Saturday May 20
In the Fourth Gospel: the term world is used in two opposite sense. In the first place, it represents the whole of humanity, loved by God to the point of sending his own Son to save it and not to condemn it (Jn 3:16-17). Secondly, it refers to that dark human horizon where the rejection of Christ is consumed and hatred is chosen, that is, the opposite of the fundamental commandment of love.

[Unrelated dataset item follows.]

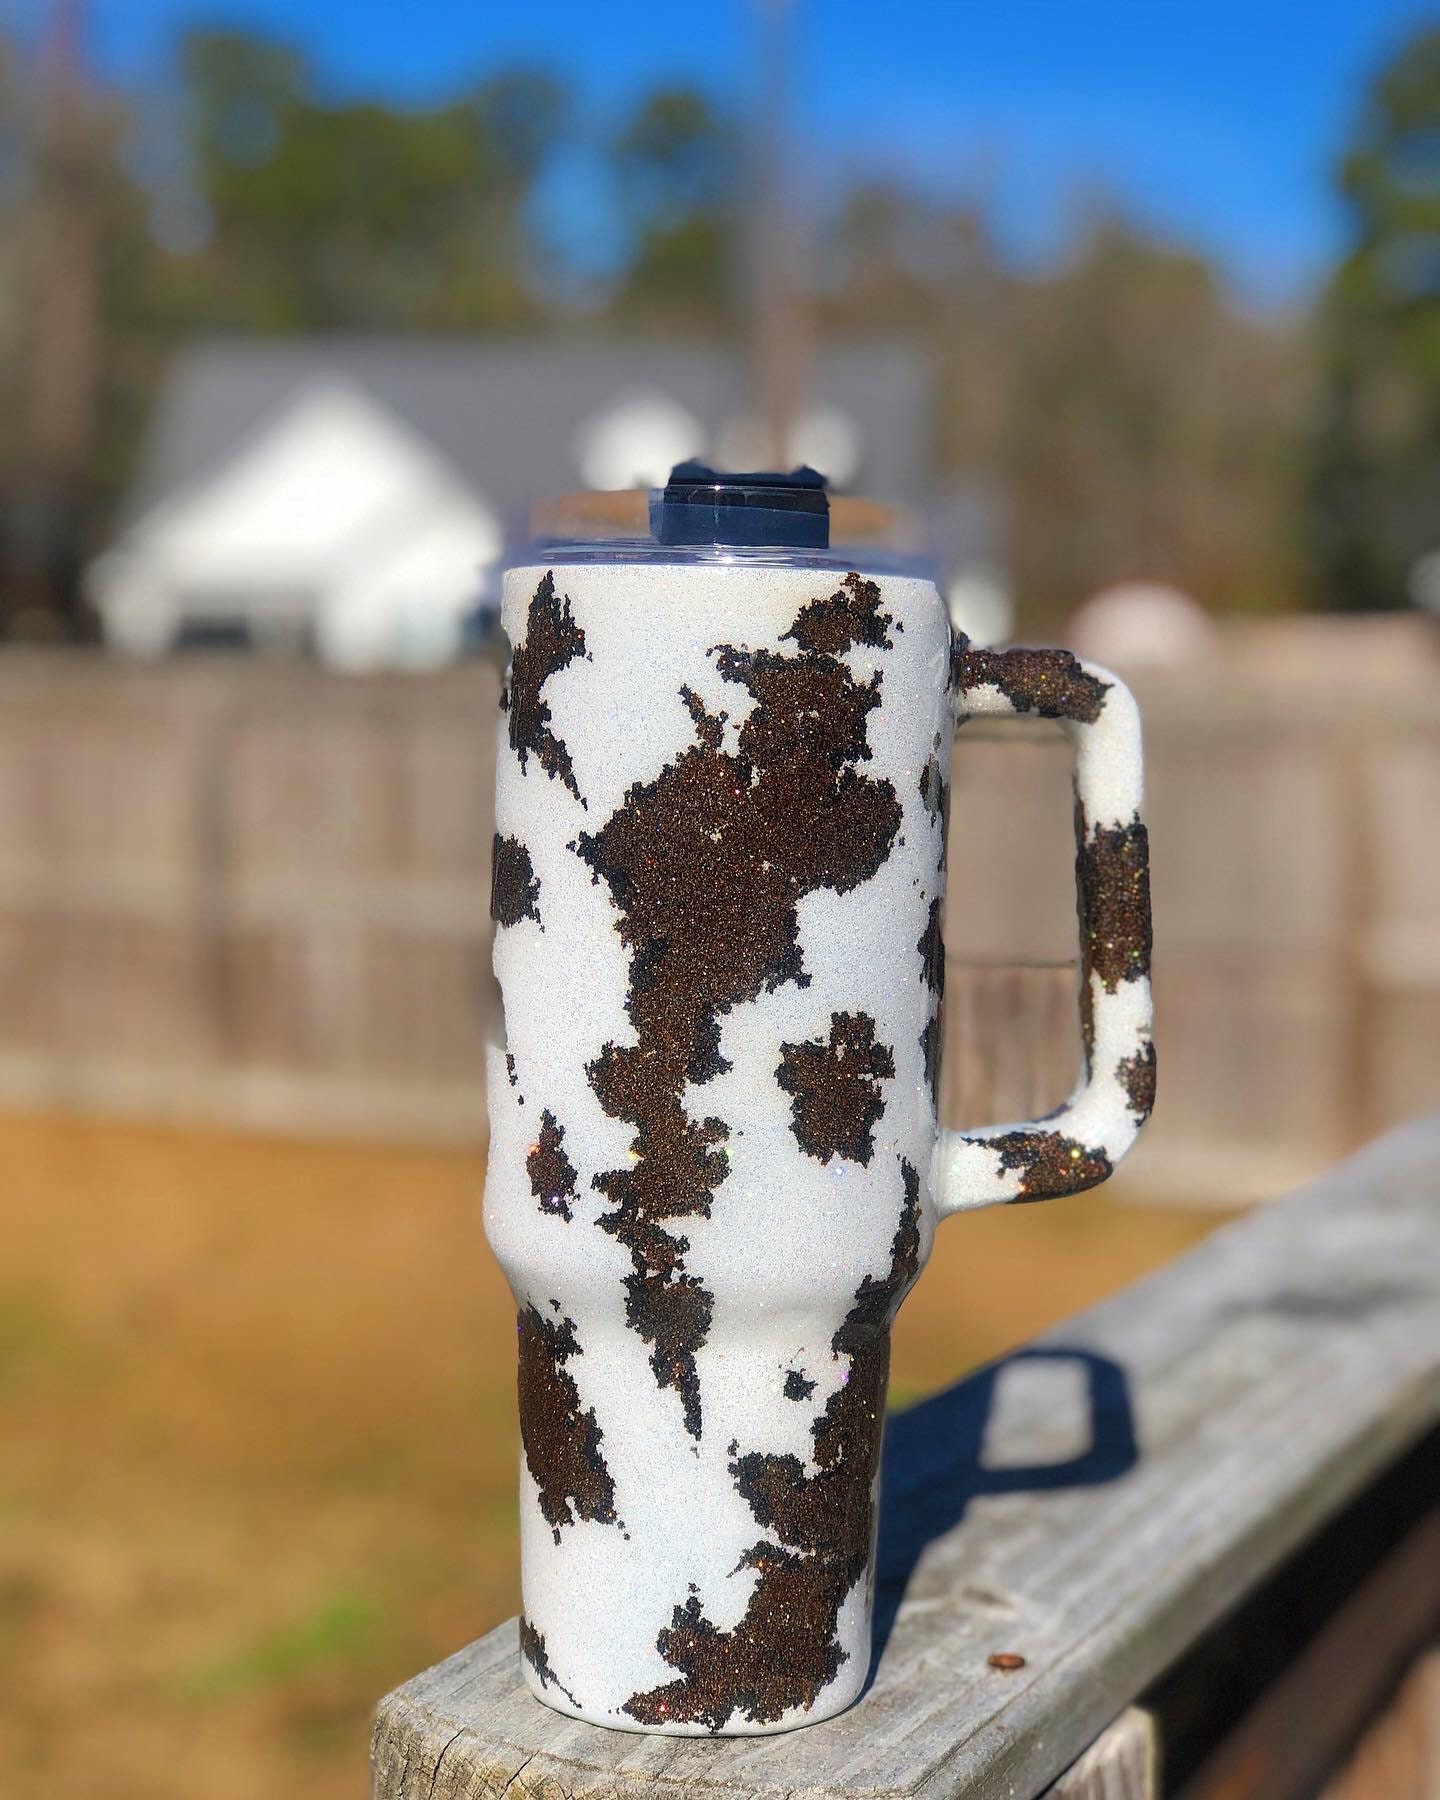 40 oz Cow Print Tumbler With Handle – mckenna-creations

These are not empty words and that is why the Christian should be fully aware that consistent fidelity to the Gospel: entails rejection, isolation and persecution.
Alternative
“I shall not call you servants,” Jesus said, “I call you friends.” Meister Eckhart drew out the meaning of this. “Love does not wish to be anywhere but where there is likeness and oneness,” he wrote. “Where there is a master and servant there is no peace, for there is no likeness.” Then he gave another image to make it clearer. “A woman and a man are unlike, but in love they are alike. And so Scrip-ture rightly says that God took woman from the man’s rib and side and not from the head or from the feet....” This beautiful interpretation of the Genesis story anticipates by many centuries Kahlil Gibran’s familiar words. G. K. Chesterton wrote, “I love my wife because she is unlike me!” But they were alike in love; they were very different in every other way, but in love there was “likeness and oneness”. And the unifying love between them made them cherish their many differences rather than regret them. There is an infinite difference between the creature and God, but in love we are like God and one with God.